On success, mmap returns a pointer to the beginning of the mapped data region. Otherwise, it returns a value of MAP_FAILED and sets errno.

After mmap the file, we got a pointer to the mapped data. We can use the pointer to jump to a specific byte to access the data. The example given in part 1 illustrates this by reading a specific byte you specify.

After we’re done with mmap, we can unmap by mummap call,

int munmap(void *addr, size_t len);

 

  • addr: the address of unmap, which should be the address returned by mmap call.
  • len: the length to unmap, which should be the same as the len parameter passed in mmap call.

Note that a mapped file is unmapped automatically upon process termination.

1. Example

Below is an example illustrating mmap,

#include <stdio.h>
#include <stdlib.h>
#include <fcntl.h>
#include <unistd.h>
#include <sys/mman.h>
#include <sys/stat.h>
#include <errno.h>

int main(int argc, char *argv[])
{
    int fd, offset;
    unsigned char *data;
    struct stat sbuf;
    FILE *f;
    int i;
    unsigned char writeBytes[10];

    if (argc != 2) {
        fprintf(stderr, "usage: mmapdemo offsetn");
        exit(1);
    }

    /*create the test file*/
    for (i = 0; i < 10; ++i) {
    writeBytes[i] = (unsigned char)i;
    }
    f = fopen("./test", "w");
    for (i = 0; i < 10; ++i) {
        fwrite(writeBytes, 1, 10, f);
    }
    fclose(f);

    if ((fd = open("./test", O_RDONLY)) == -1) {
        perror("open");
        exit(1);
    }
    if (stat("./test", &sbuf) == -1) {
        perror("stat");
        exit(1);
    }
    printf("file size: %ldn", sbuf.st_size);
    offset = atoi(argv[1]);
    if (offset < 0 || offset > sbuf.st_size-1) {
        fprintf(stderr, "mmapdemo: offset must be in the range 0-%ldn", (sbuf.st_size-1));
        exit(1);
    }

    data = mmap(0, sbuf.st_size, PROT_READ, MAP_SHARED, fd, 0)    ;
    if (data == MAP_FAILED) {
        perror("mmap");
        exit(1);
    }

    printf("byte at offset %d is %dn", offset, data[offset]);
    munmap(data, sbuf.st_size);

    return 0;
}

The code creates a test file first. It opens the file to get a file descriptor. stat is called to get the file size. mmap is then applied to map the entire file into memory. After that, we can access a specific byte using the pointer returned by printing its value. Note that we can define the data pointer as pointer to some other data types. If we define as int, then we can access the data as ints.

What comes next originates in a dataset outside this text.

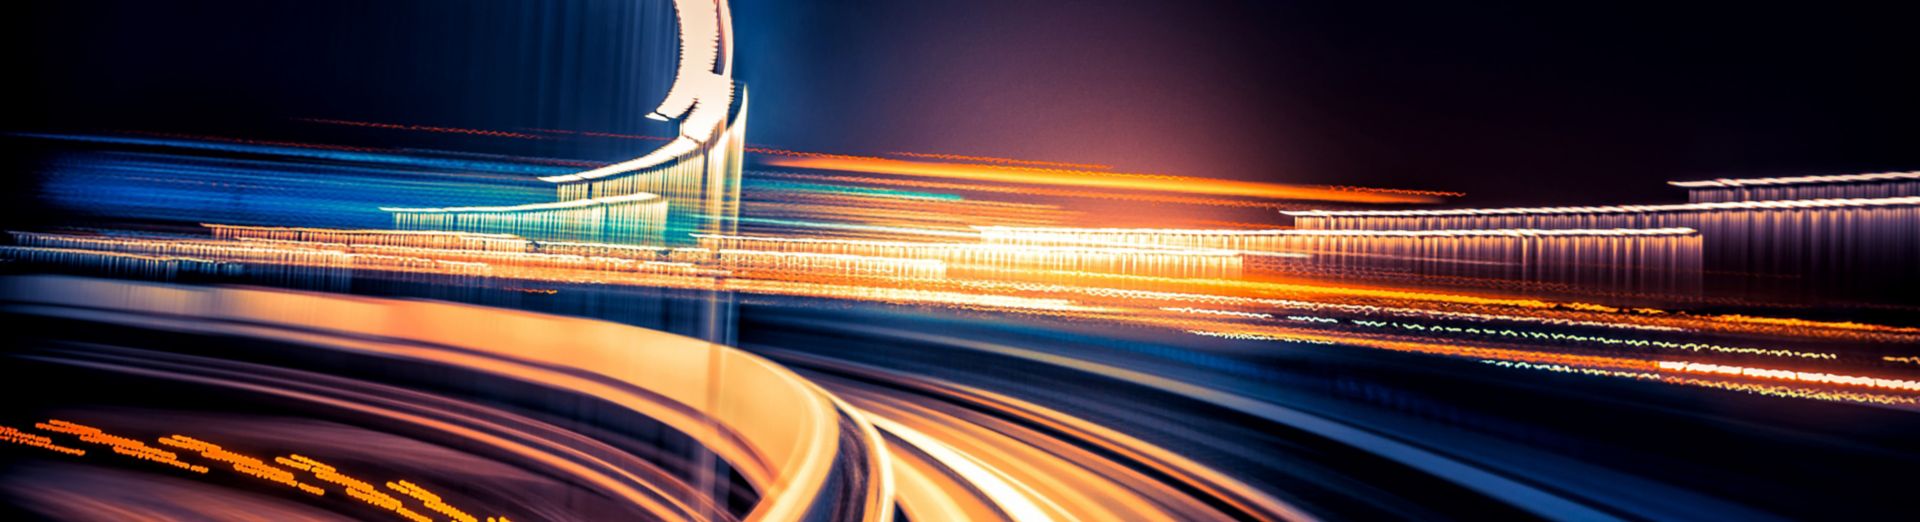 Sieť pripojených diaľnic predstavujúca SAP Business Network

Copy, paste and save the file to mmaptest.c, and then compile the code using,

gcc -o mmaptest mmaptest.c

Below are some sample execution,

./mmaptest 99

file size: 100

byte at offset 99 is 9

./mmaptest 2

file size: 100

byte at offset 2 is 2

./mmaptest 50

file size: 100

byte at offset 50 is 0

mmap can perform better than fseek, fread in certain cases. mmap can also be used to share file between different processes, which can reduce memory access significantly as it avoids loading the same file for each process.

Update 1: mmap can perform faster when dealing with big files. The normal read/write uses system call and frequent reads and writes cause lots of context switch between kernel space and user space. These context switches can be a significant overhead.

Update 2: mmap doesn’t load the entire file into memory. It adopts lazy access approach — when the data is needed, it is loaded into memory. This leads to another optimization for mmap based file accessing — pre-loading the content before the content is actually needed.